The fluid heater (see Figure 1) contains a protective casing 1, inside of which there is a tubular body 2 with threaded nozzles, input 3 and output 4. 5 - insulating layer, in the form of a glass-ceramic coating deposited on the housing 2. 6 - heating element , with contact pads 7, made in the form of a resistive layer, on top of which a protective layer 8 (see Figure 2) of glass ceramic is applied. All layers deposited on the casing 2 (insulating glass-ceramic coating 5, resistive layer 6 and glass-containing protective layer 8) are formed using the well-known high-performance thick-film technology, including a sequence of deposition operations, mainly by screen printing, and subsequent burning of a set of composite pastes. This determines the relatively low cost and good reproducibility of the heater parameters, while ensuring high specific power (up to 50 W / cm ² ). 9 — a swirler in the form of a stainless steel plate screwed around a longitudinal axis. Arrows (see Figure 2) conditionally shows a swirling fluid flow.

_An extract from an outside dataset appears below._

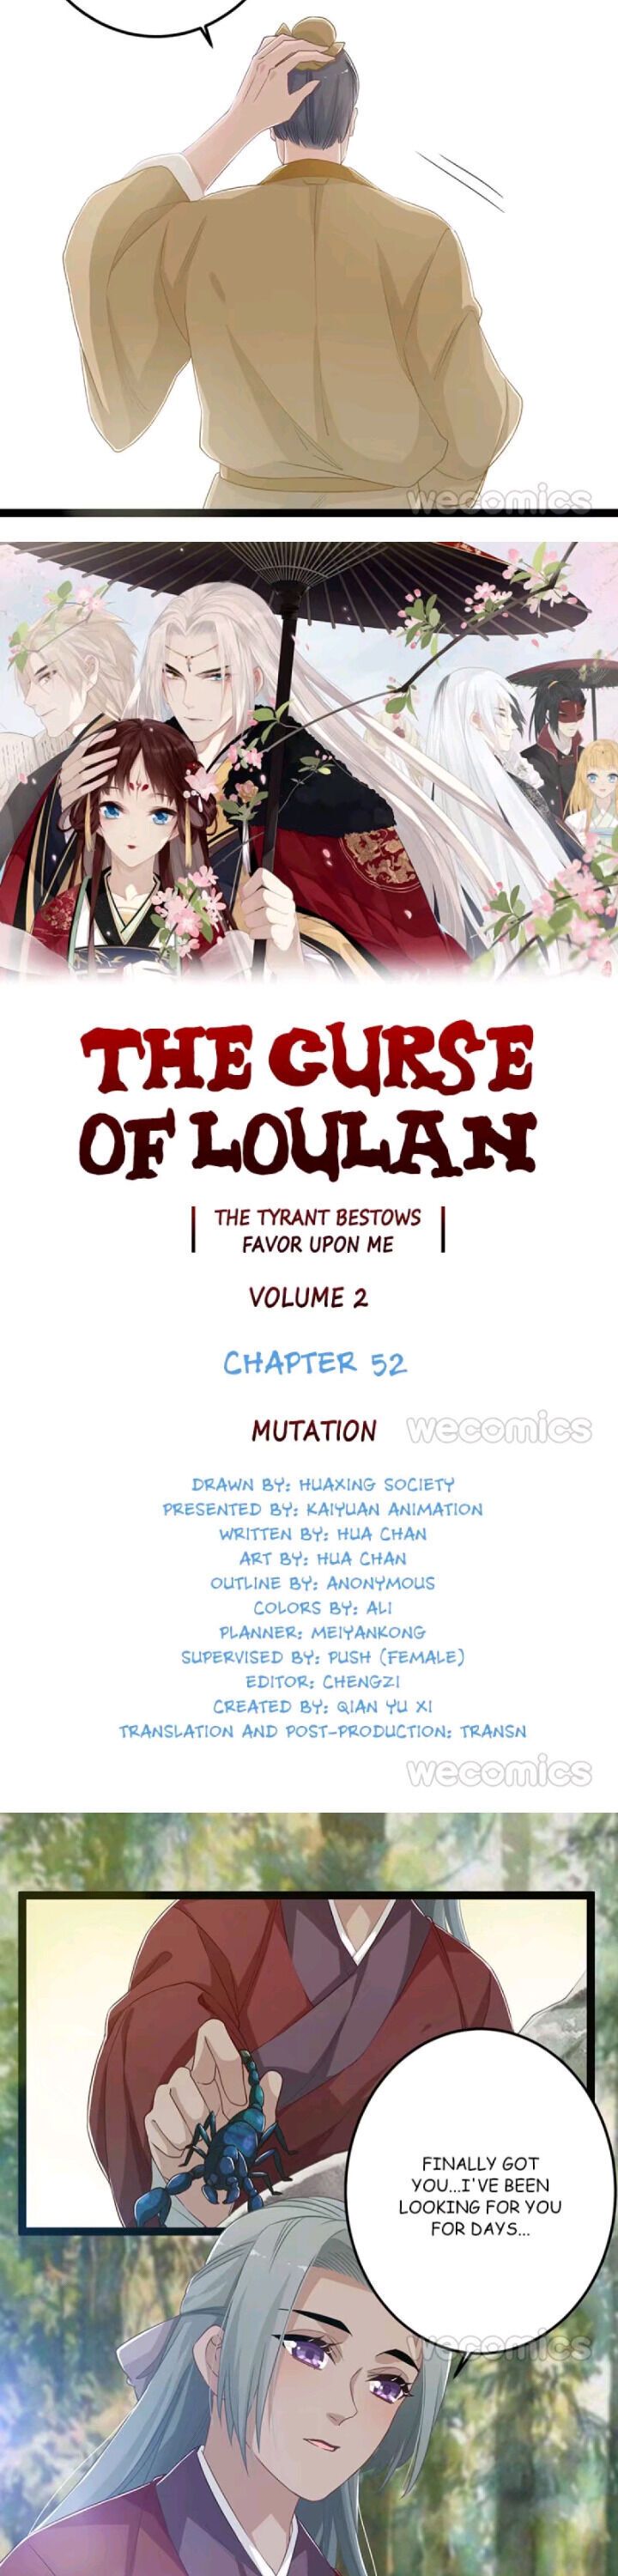 Curse of Loulan: The Tyrant Bestows Favor on Me Chapter 96 page 11

The assembled fluid heater is built into the water heating system, mainly with forced circulation, in a convenient place for installation using threaded pipes 3 and 4 located at the ends of the tubular body 2. The heating system is filled with a heat transfer fluid and connected to an external electrical circuit using current leads

(not shown), which are connected to the contact pads 7. The cold liquid coolant is heated in the tubular casing 2 and supplied to the heating system, where it is cooled in radiators (heats the room) and again supplied to the casing 2. At the same time, the fluid flow, meeting with the swirl 9, twists and washes the entire surface of the inner wall of the tubular body 2 in a spiral. This improves heat removal from it, increases operational characteristics and allows, while maintaining the power of the heater, to reduce its dimensions.

Claims (5)

1. A fluid heater containing a protective casing, a tubular housing located inside it, on top of which a heating element is located, characterized in that in the tubular housing, at the inlet, a fluid flow swirl is located, for example, in the form of a screw-shaped screw relative to the longitudinal axis of at least than one plate. 2. The heater according to claim 1, characterized in that the swirler is made in the form of helical ribs located along the inner surface of the tubular body. 3. The heater according to claims 1 and 2, characterized in that the swirler is made of stainless steel. 4. The heater according to claims 1 and 2, characterized in that the swirler is made of heat-resistant plastic. 5. The heater according to claim 1, characterized in that the housing is made of stainless steel.